BOB CARR: It could well be the case. But shouldn't the Australian people, Emma, make that decision, with all the facts before them, without being bullied and bustled in that direction by a coordinated campaign by 70 per cent of the newspapers in the country? On the bottom line, this is about a fair go for the Australian people. Let the Australian people make up their minds themselves. Let them look at newspapers ...
EMMA ALBERICI: Ultimately they will, though. They don't read a newspaper to be told how to vote.
BOB CARR: The corrosive effect of having derisory front-page treatment of the Government every second day and flattering treatment of the Opposition every other day is very real. Let the Australian people look at newspapers and hear TV bulletins that give both sides. It's not hard for other newspapers to do it. And News Limited papers have done it in other elections. It's a requirement for a fair go. Fair treatment, so that in that spirit the Australian people can exercise what is the greatest glory of our public life, and that is, a decision made by the public, the public are the masters in a free and fair election.
EMMA ALBERICI: Finally, Senator, the Prime Minister and his Deputy Anthony Albanese today announced plans for a high-speed rail link - I think it was between Melbourne and Brisbane - by 2035. You made a similar pledge in 1998 to deliver high-speed rail between Sydney and the Central Coast by 2010 and many people are still waiting for that.
BOB CARR: No, I didn't make that pledge. I would've been eviscerated if I'd made that pledge. We conducted a number of studies of high-speed rail, but it won't work without a Federal Government commitment. You need that investment of national resources.
EMMA ALBERICI: My questions was going to be: why has high-speed rail been so hard to achieve in Australia?
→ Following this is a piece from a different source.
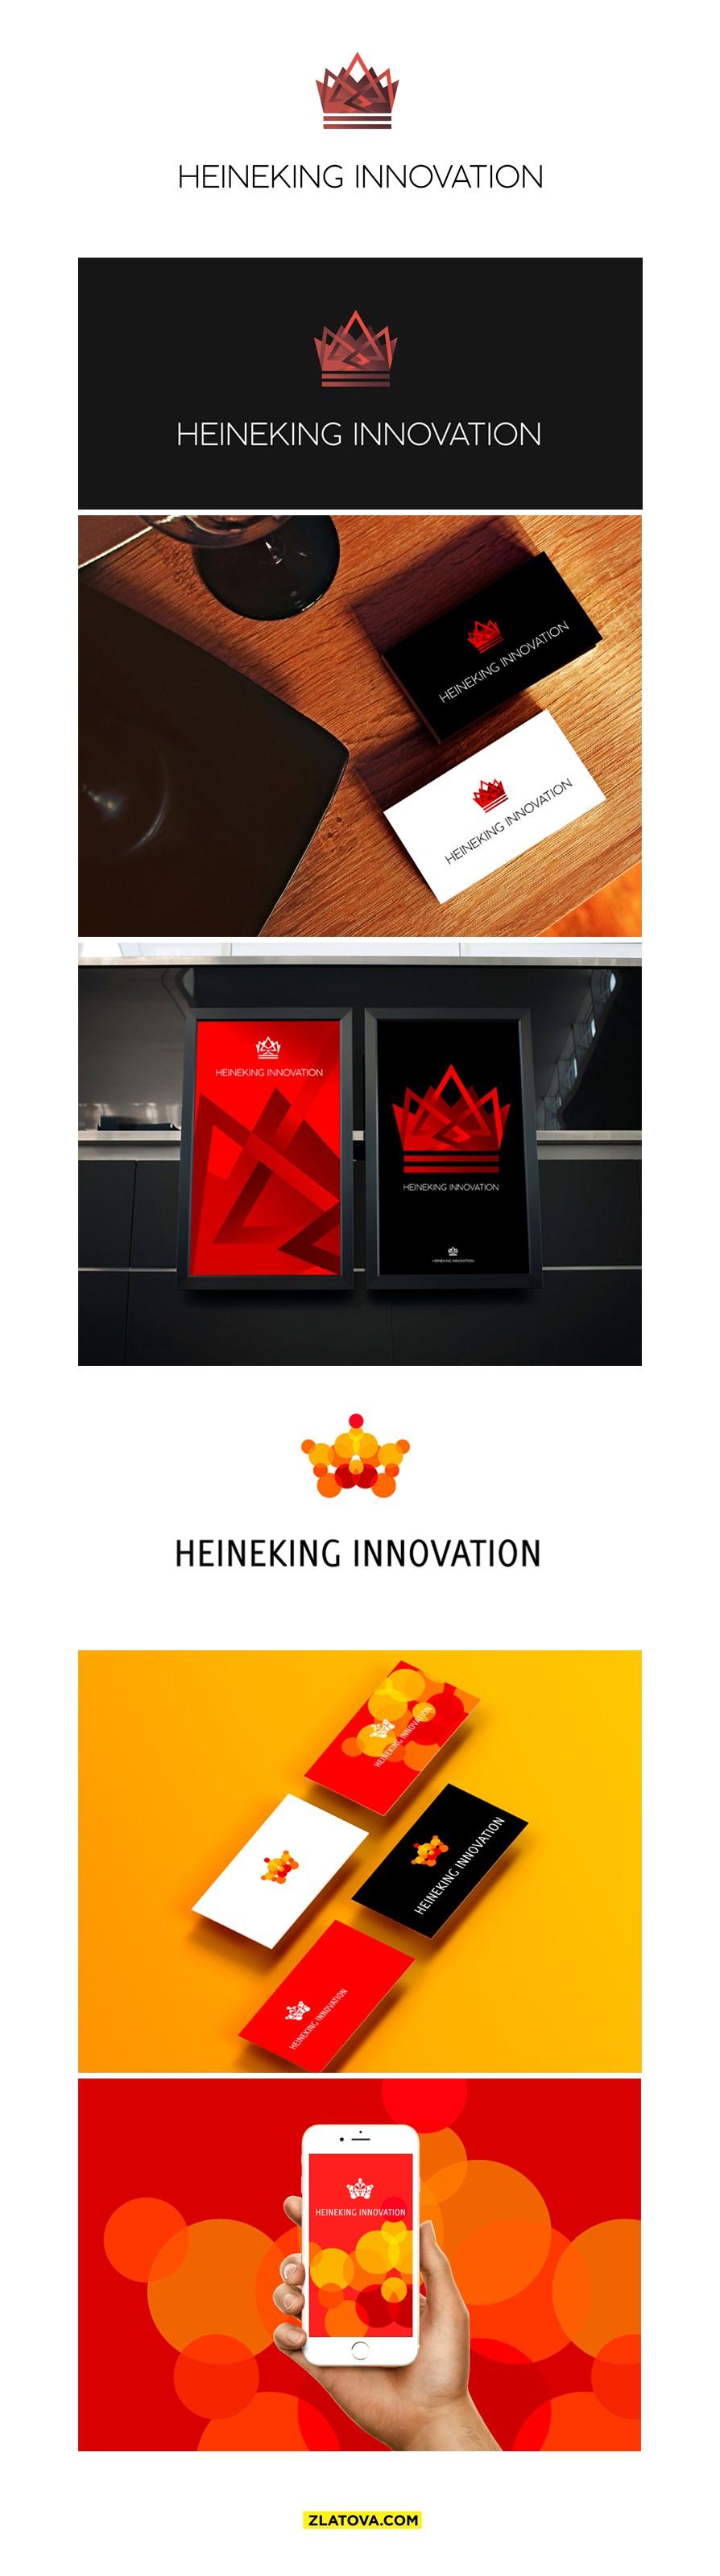 Heineking innovation

BOB CARR: I think it's because of the population numbers and the population distribution in Australia. We had it looked at between Sydney and Canberra, and between Sydney and Canberra on its own, it was very hard to justify the extent of the public subsidy. Some years have passed since that study, and valuable as it was, it's been overtaken by population growth - Australia's had the highest population growth of any industrial country - and by changing economics.
EMMA ALBERICI: Bob Carr, thanks so much for coming in for us.
BOB CARR: Thank you, Emma. Thank you.